Холод в сердце так и не исчез. Не освободилась от мутного тумана голова, не налились силой мышцы, и в тело не ворвались легкость и спокойствие. Разве что испарилась из сердца Жюля эта несчастная любовь.
Прошуршала открываемая дверь. В спальню ввалился красавчик Анхель, за ним вошли Арабелла и совершенно незнакомый маленький толстяк. Толстяк тут же вытащил из кармана носовой платок и промокнул им обширную лысину.
— Получите в лучшем виде! — сказала Арабелла.
— Шлюха! — снова прошипел Анхель, глядя на Жюля.
— Все! — резко оборвал его толстяк. — Вы свободны, Арабелла!
Девушка забрала свою сумочку и вышла. Толстяк наклонился над Жюлем, заглянул в глаза, оттянул веко.
— Чудно! — Он потер руки и достал из кармана диктофон. — Начнем!
Жюль попытался включиться в него и не смог. Ничего не получилось и с Анхелем. Единственное, что он слышал, это мысли Арабеллы, которая с удовольствием вспомнила о том, что происходило между ними четверть часа назад.
Что же это она такое мне вколола, подумал Жюль. Не иначе — вилфаг! Однако нашему ведомству препараты такой силы неизвестны… Насколько срезал чувствительность! Только Арабеллу и слышу с ее жаркой эмоциональностью.
— Вы слышите меня? — спросил толстяк.
Эх, еще бы одну таблетку, подумал Жюль. Правда, Бакстер говорил, что трех таблеток мой организм не выдержит…

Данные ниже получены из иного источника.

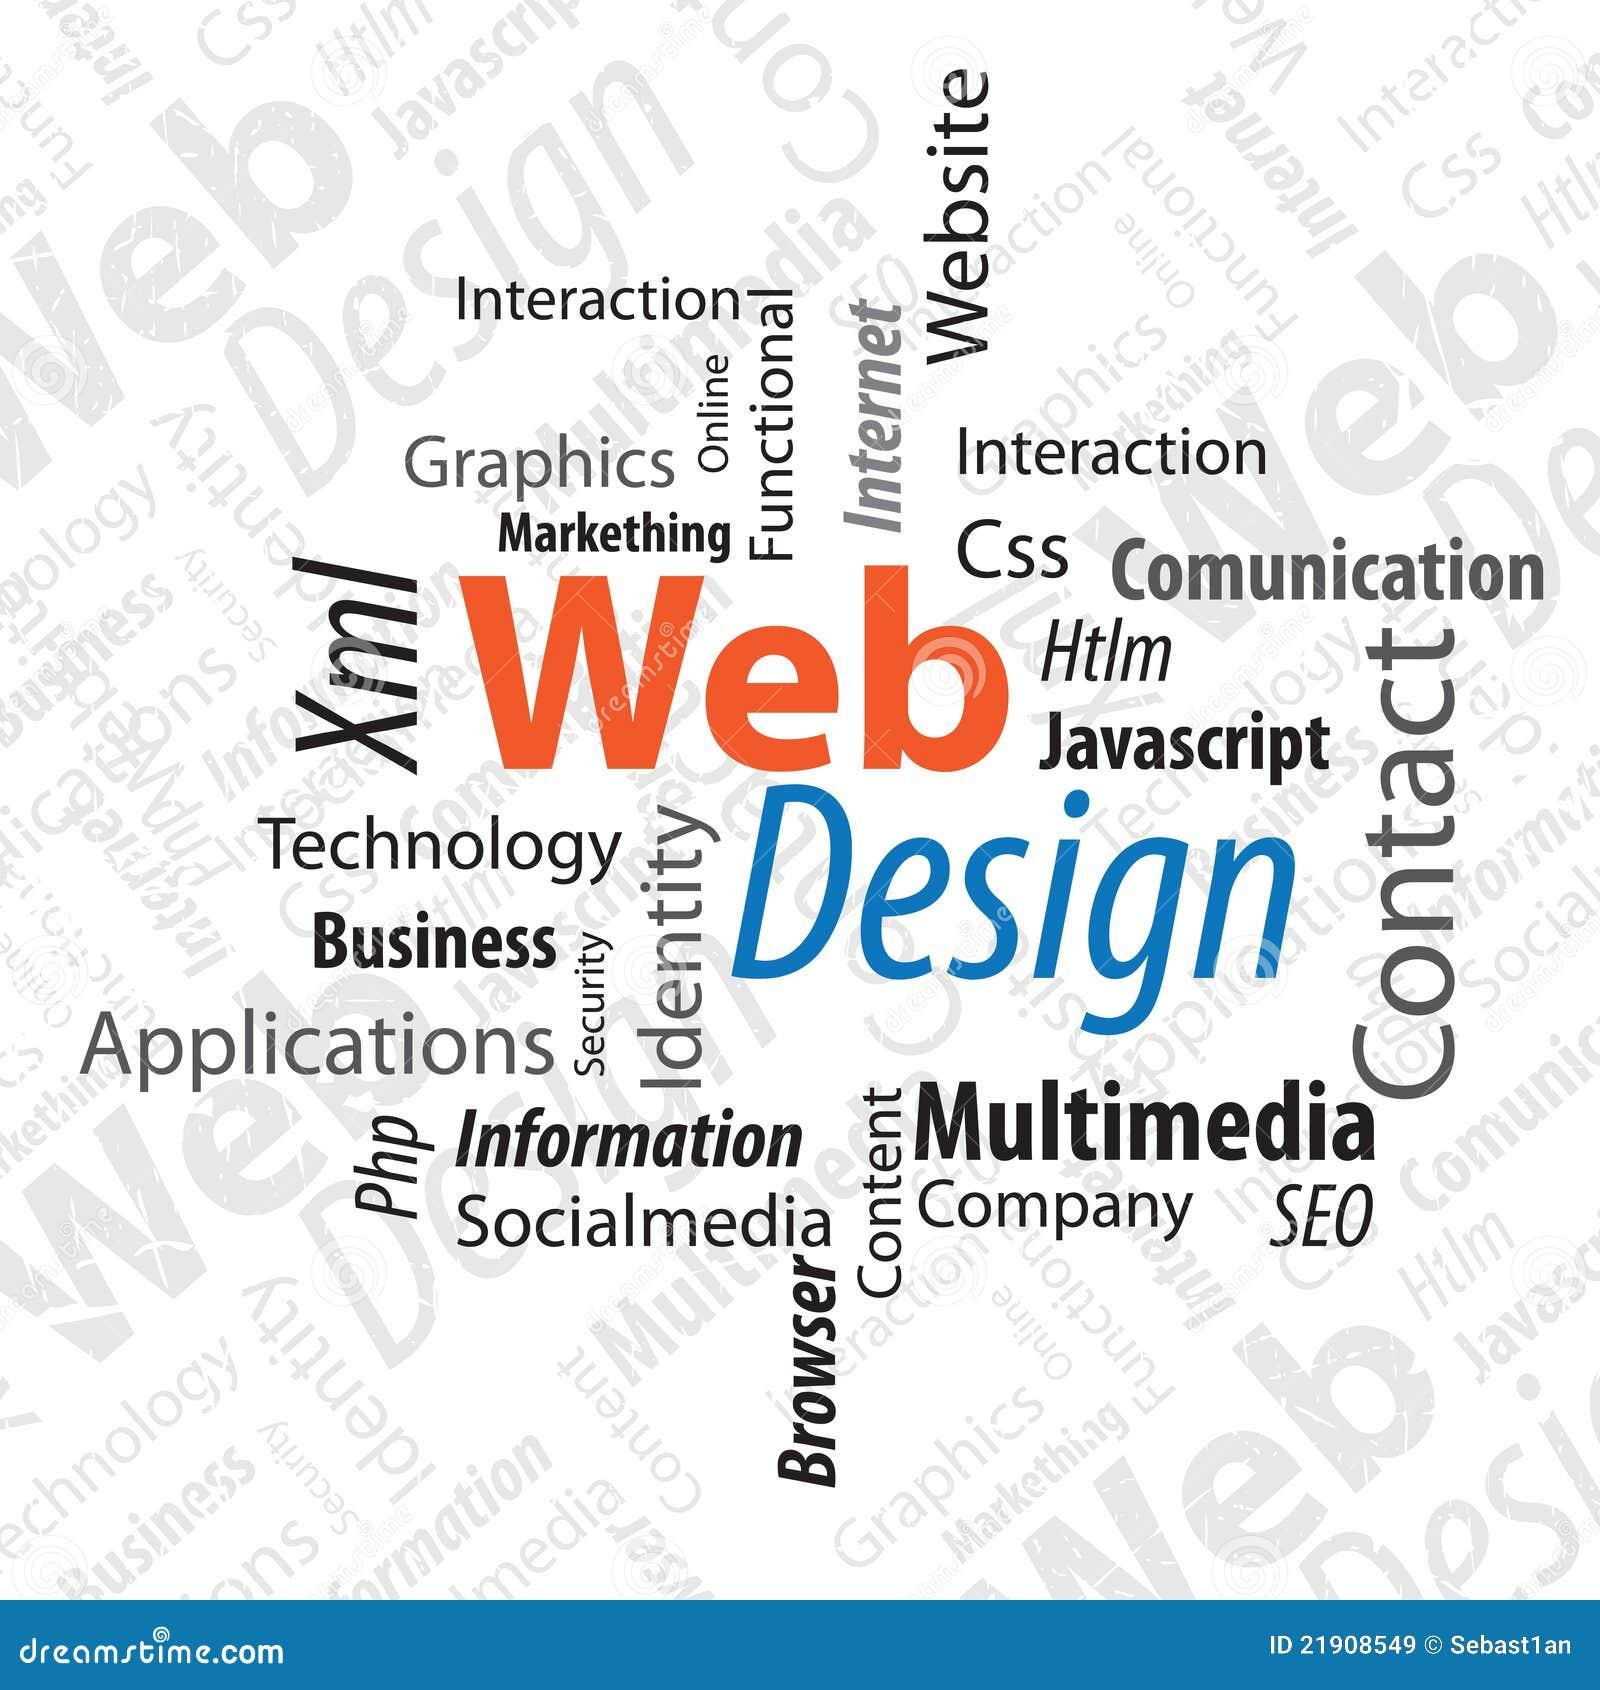 Vector Illustration Web Designs: Typography Web Design Stock Vector. Illustration Of
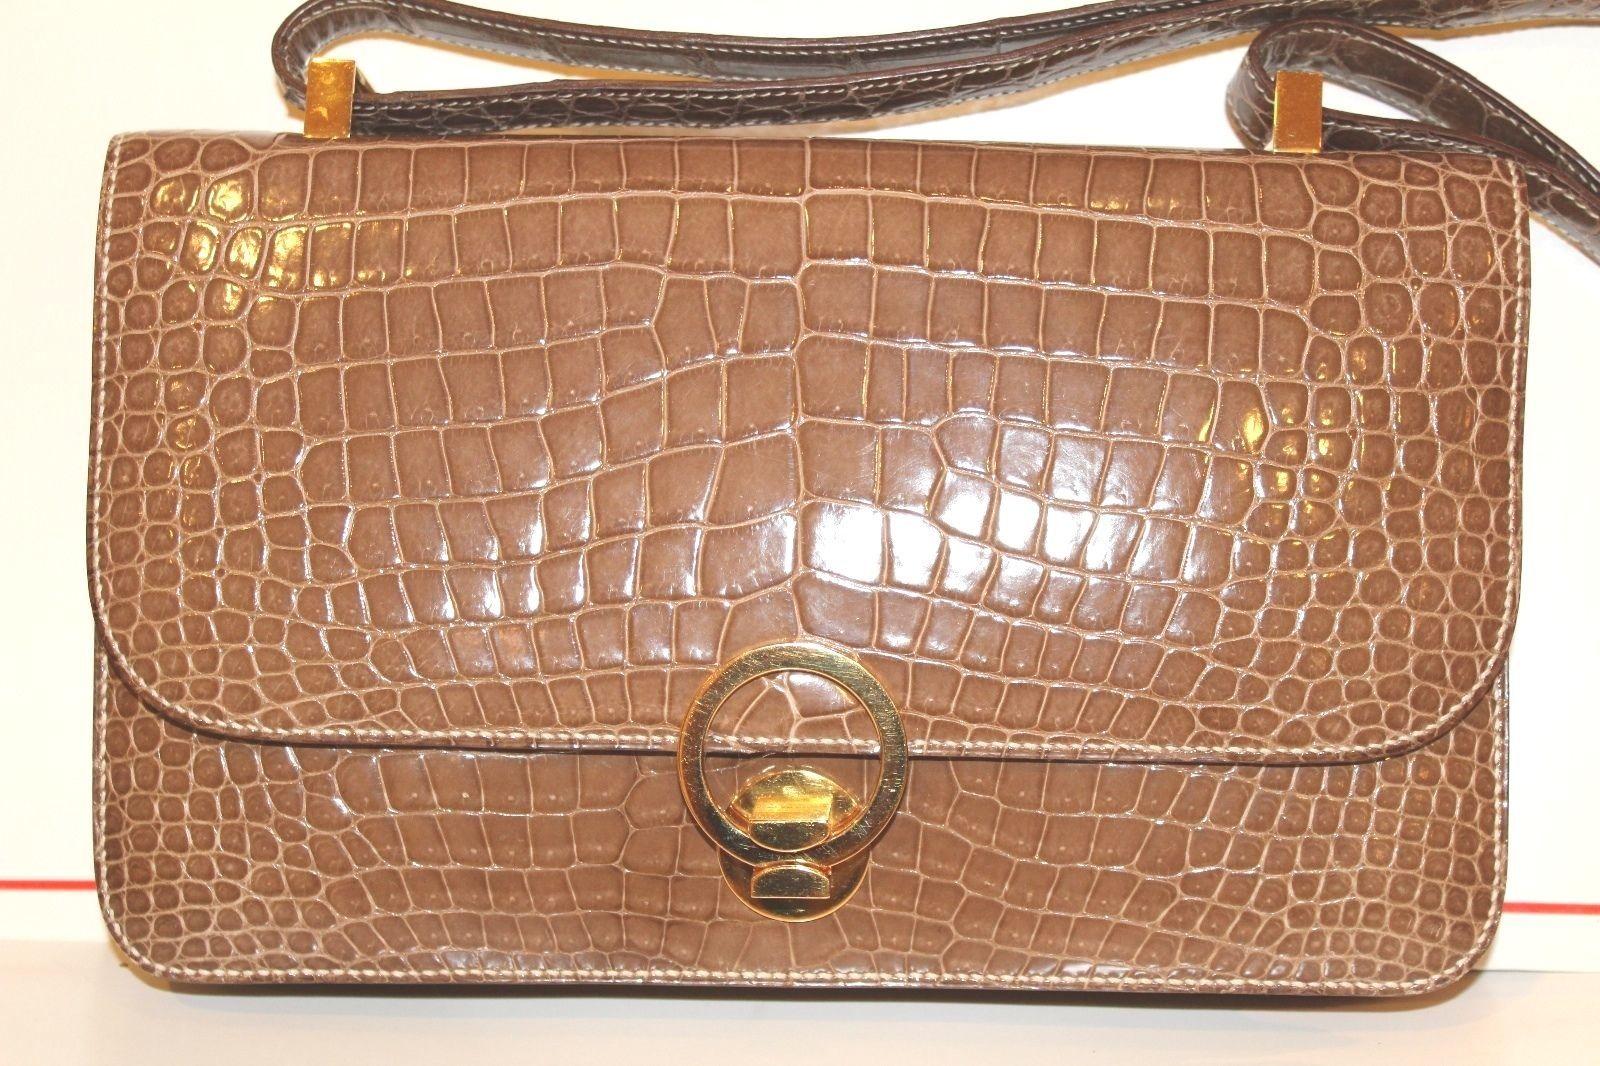 Vintage Hermes  Alligator Crocodile  Handbag Purse clutch image 6

— Вы слышите меня? — повторил толстяк.
Жюль решил ответить и обнаружил, что до третьей таблетки активатора ему все равно не добраться: мышцы были почти парализованы.
— Да, — прошептал он, еле ворочая языком.
— Кто вы? — спросил толстяк.
— Жюль Карне, — прошептал Жюль. — Бортинженер космолета «Крым». Служба гелиоэнергетики.
— Перечислите членов экипажа вашего корабля.
Жюль перечислил.
— Для чего вы прибыли в Гринкоуст?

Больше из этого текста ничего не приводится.